§ Work to be completed
Repeat exactly what runs from the line containing "KUNSTKREIS LUXEMBURG,GESELLSCHAFT FÜR" through the last line of the material below. Do not copy the pictures.

──────── Collected data ────────

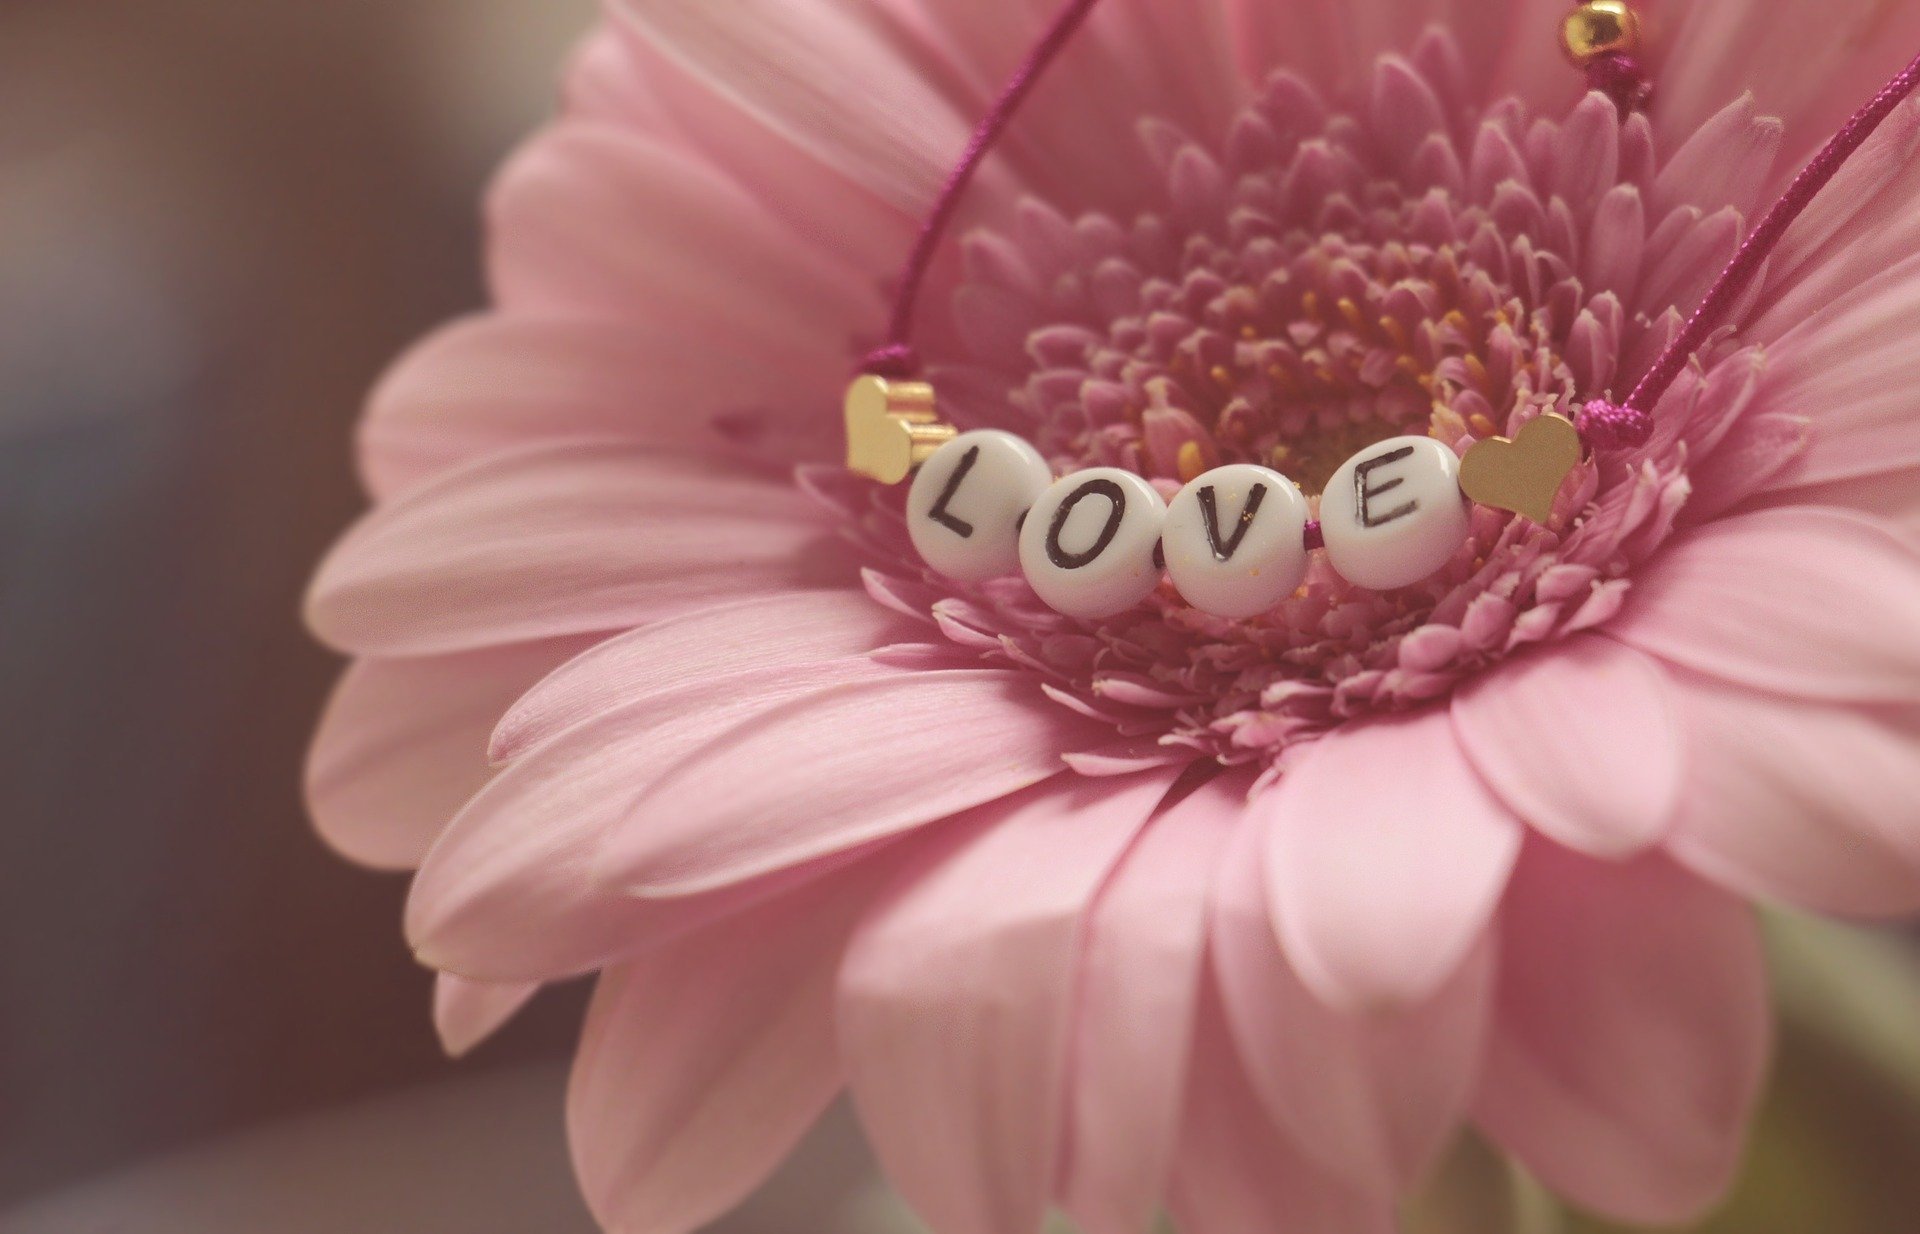 Flor com a palavra amor escrita em inglês
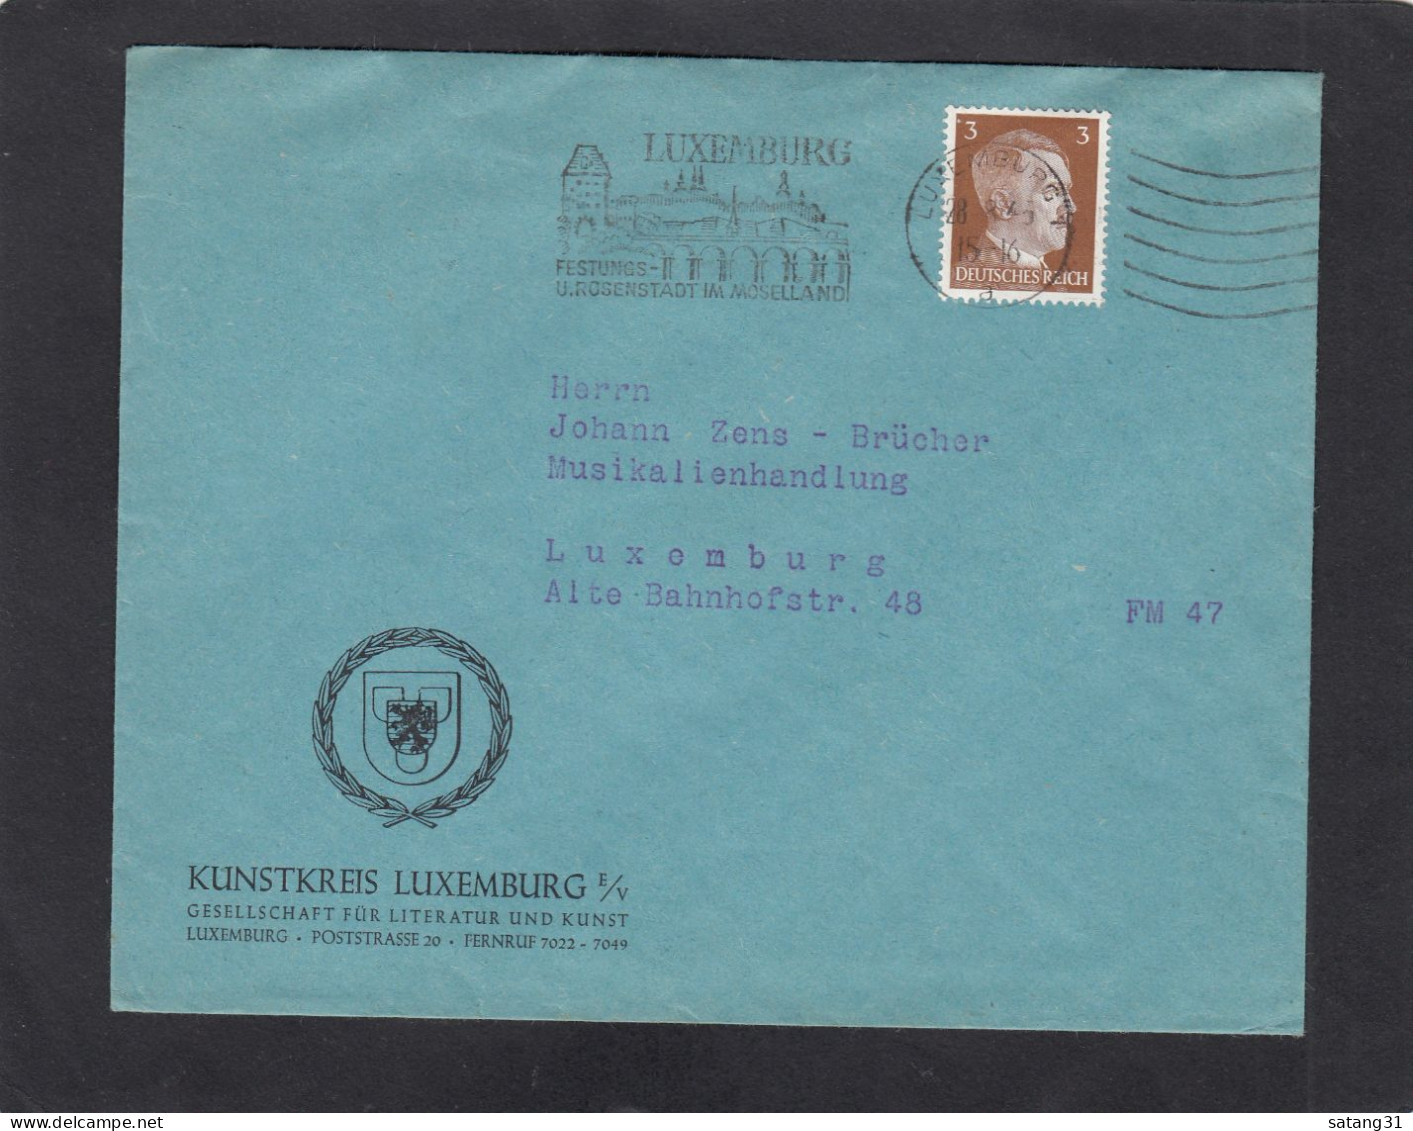 KUNSTKREIS LUXEMBURG,GESELLSCHAFT FÜR LITTERATUR UND KUNST,LUXEMBURG. - 1940-1944 Deutsche Besatzung
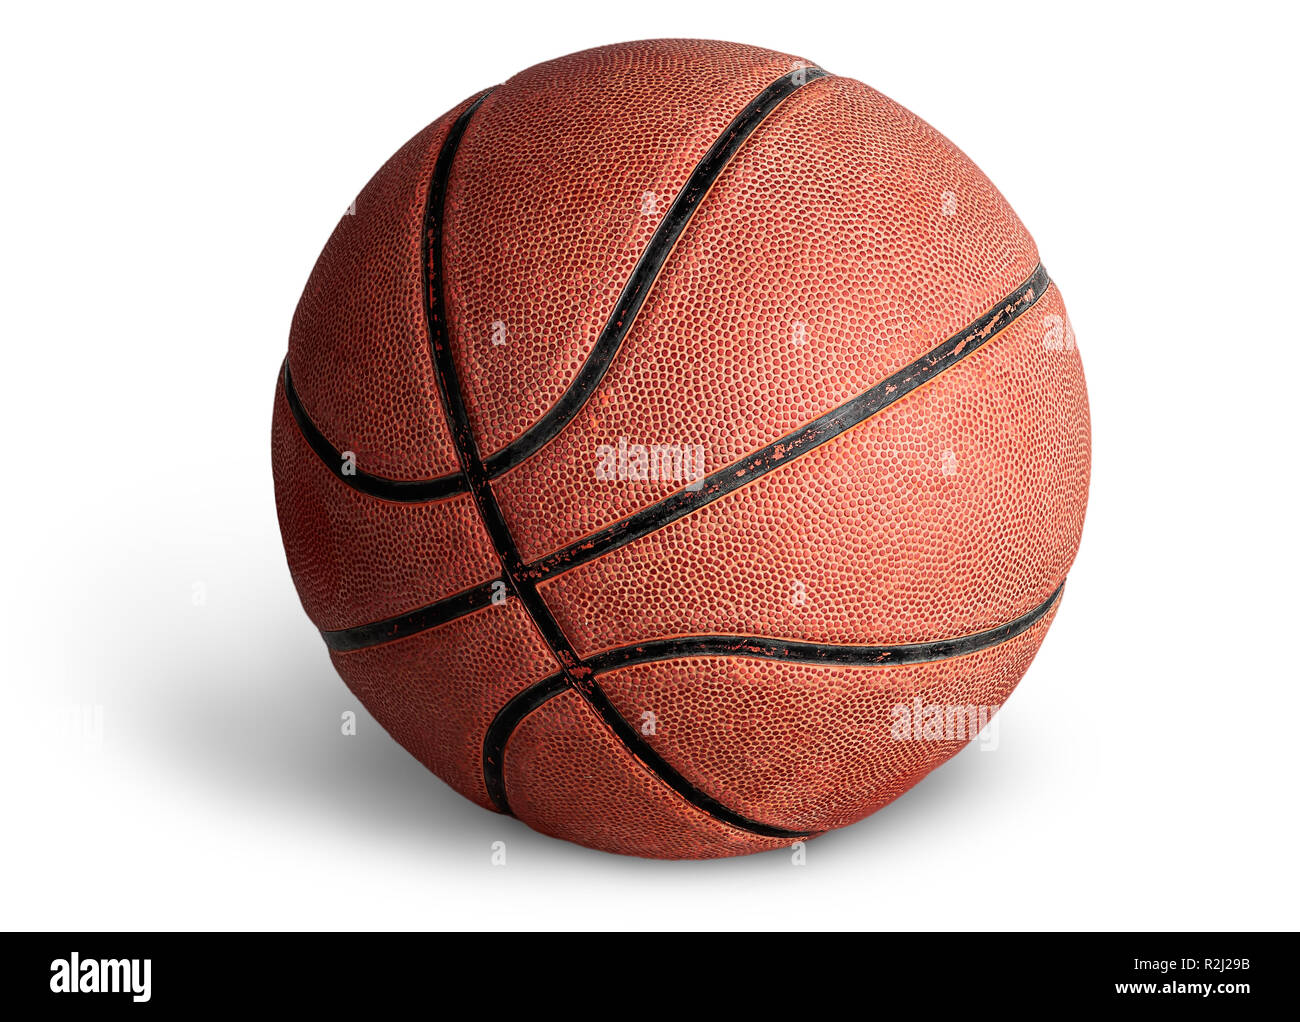 Vecchia sfera di pallacanestro Foto Stock

────────

§ Answer space
 KUNSTKREIS LUXEMBURG,GESELLSCHAFT FÜR LITTERATUR UND KUNST,LUXEMBURG. - 1940-1944 Deutsche Besatzung
 Vecchia sfera di pallacanestro Foto Stock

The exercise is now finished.